We're going to write about fronting peaks, one of the more common problems that we can encounter when doing gas chromatography. Fronting peaks and their distinctive shark fin peak shape really tell us that we have put more material into the column than it can handle. We can address that in two principal ways. We can make a change to the column, so that it can handle more, or we can put less material into the column. Let's walk through each of those. If we want to make a change to the column, so that it can hold more stuff, we can choose a column that has a thicker stationary phase or we can choose a column that has a stationary phase that is more compatible with the material that we're injecting. If we want to put less material into the column, we can either quite simply inject less, or if we're doing a split injection, we can increase our split ratio, which in turn is resulting in less material being put into the column. Those are the two solution paths that we have to solve fronting peaks.

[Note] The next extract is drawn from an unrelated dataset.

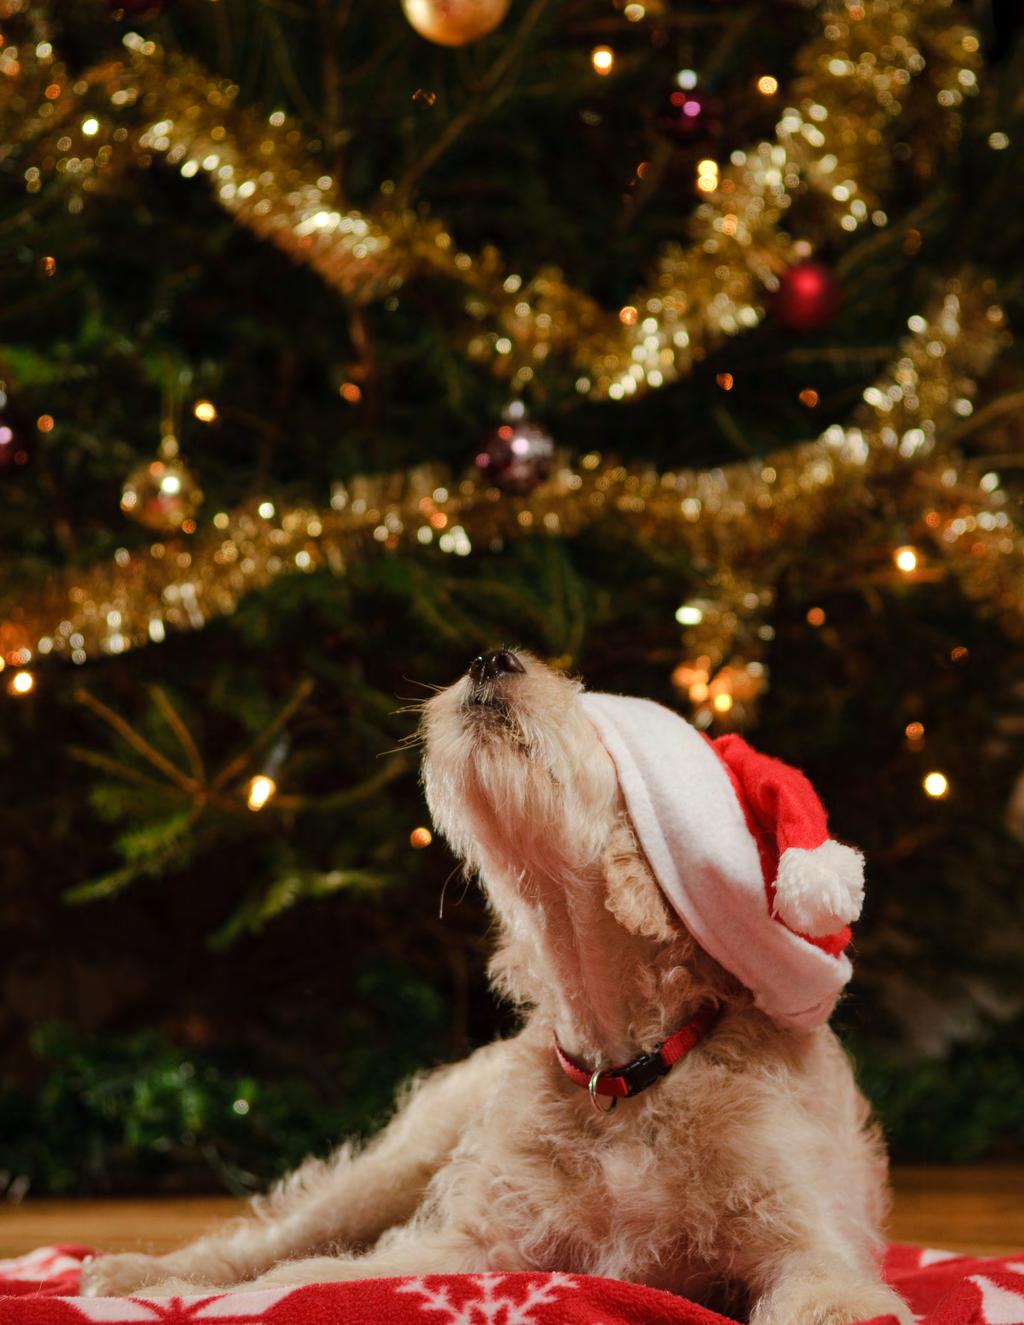 The Christmas Survival Guide Helping to keep humans & hounds happy over the festive season.

Trimming a GC Column to Remove Contamination:

In this article, we're going to be writing about column trimming. It's a really simple technique that we can use to remove some contamination from our G.C. columns. Very straightforward, as well. All we're going to do is uninstall our column and chop off about the first 15 centimetres or so. That's the area where most of the contamination accumulates on our column, on the inlet side of things. After we've done that trimming, we can simply re-install our column and proceed as usual. One other note, though. It is important for us to update our instrument software with our new column length. That software uses physical dimensions of the column—ID and length specifically—in order to help regulate pressure and flow. As we trim a column over time, we want to make sure that we keep updating our column length in the software. With that in mind, that's all that's involved with trimming a column to remove contamination.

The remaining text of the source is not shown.